Bruno Martins Simão (born 5 May 1985) is a Portuguese former professional footballer who played as a left-back.

He spent most of his career abroad, making 49 appearances with three clubs in Romania's Liga I and also winning cups in Azerbaijan and Moldova, in addition to brief stints in Slovakia, Cyprus and France. Domestically, he totalled 68 games in LigaPro, where he represented four teams.

Club career
Born in Lisbon, Simão was a youth product of S.L. Benfica. Following the decision of club president João Vale e Azevedo of dissolving the club's underage teams, he moved on to G.D. Estoril Praia and C.F. Os Belenenses before returning to the Eagles reserve team. After a brief spell in the Segunda Liga with F.C. Barreirense, he moved abroad for the first time to UTA Arad in Romania's Liga I.

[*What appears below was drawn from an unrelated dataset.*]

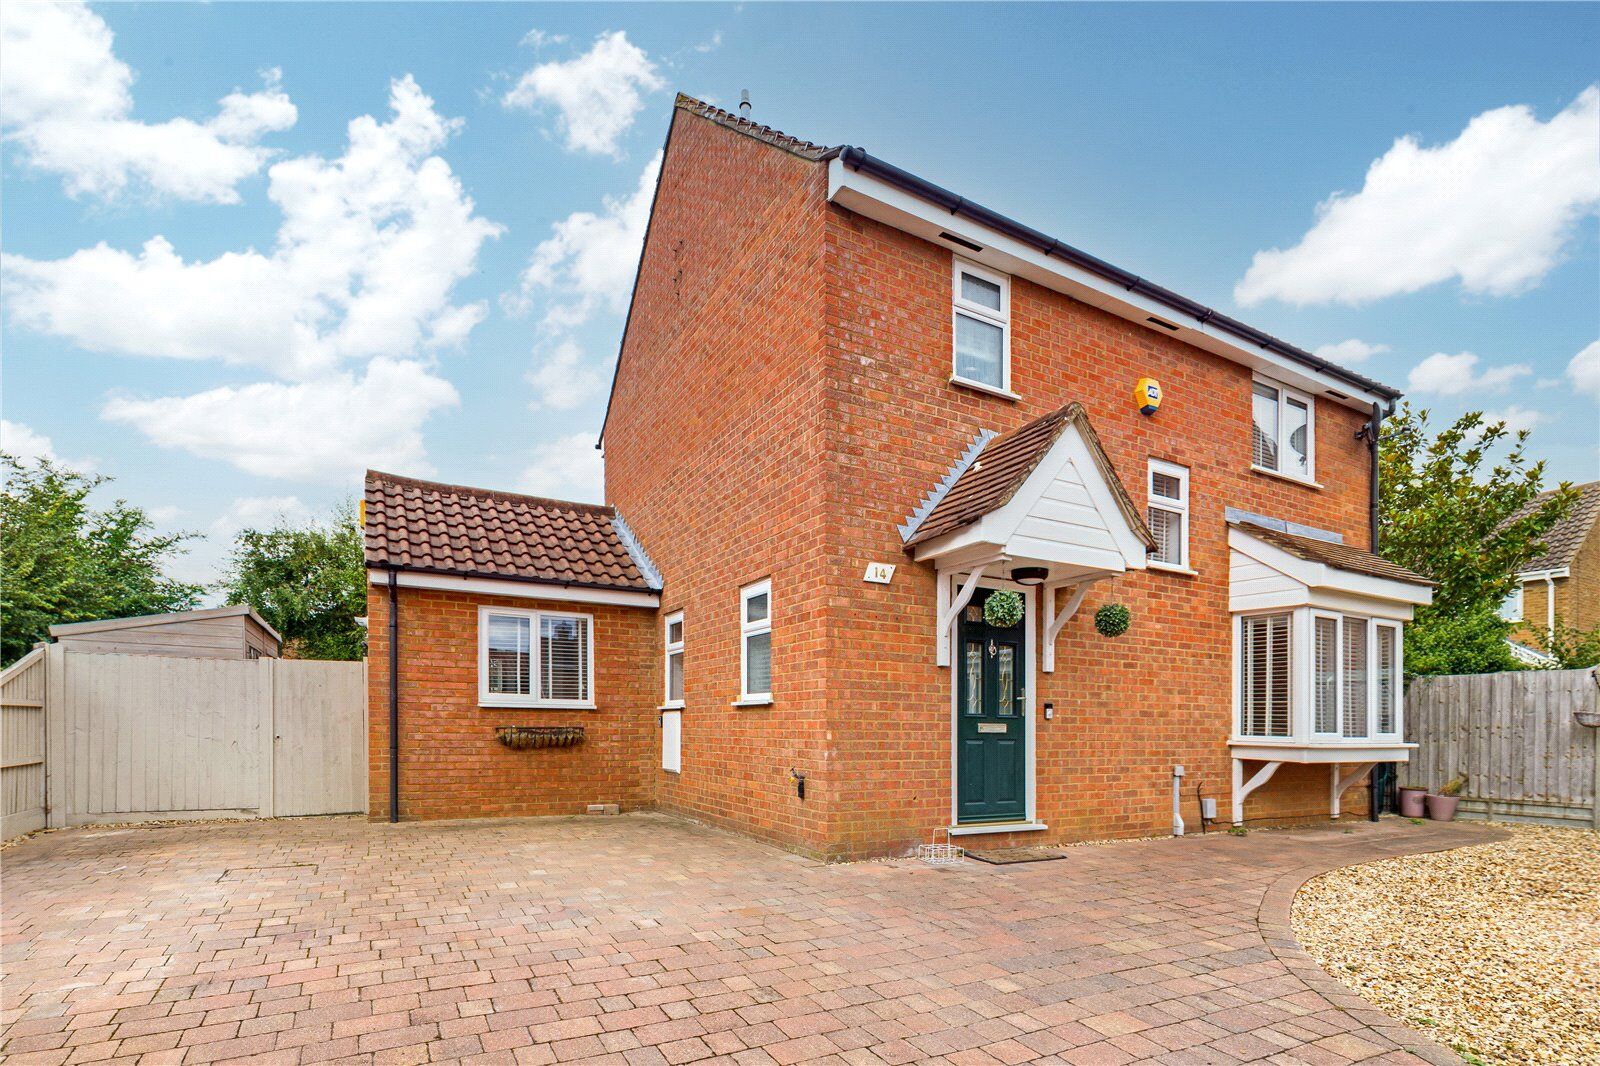 3 bedroom detached house for sale Lincoln Crescent, SG18, main image

Simão had further experience of the Eastern European country's top flight with FC Dinamo București and FC Astra Giurgiu, with a year at SK Slovan Bratislava in Slovakia in between. In 2010 he signed for Khazar Lankaran FK of the Azerbaijan Premier League, and won the cup in his only season.

Moving on to FC Milsami Orhei of Moldova, Simão was again a cup champion in his first campaign (2011–12), also picking up the Super Cup that summer. After a brief stint in Cyprus with Doxa Katokopias FC without playing, he signed in September 2013 to FC Dacia Chișinău in the previous country.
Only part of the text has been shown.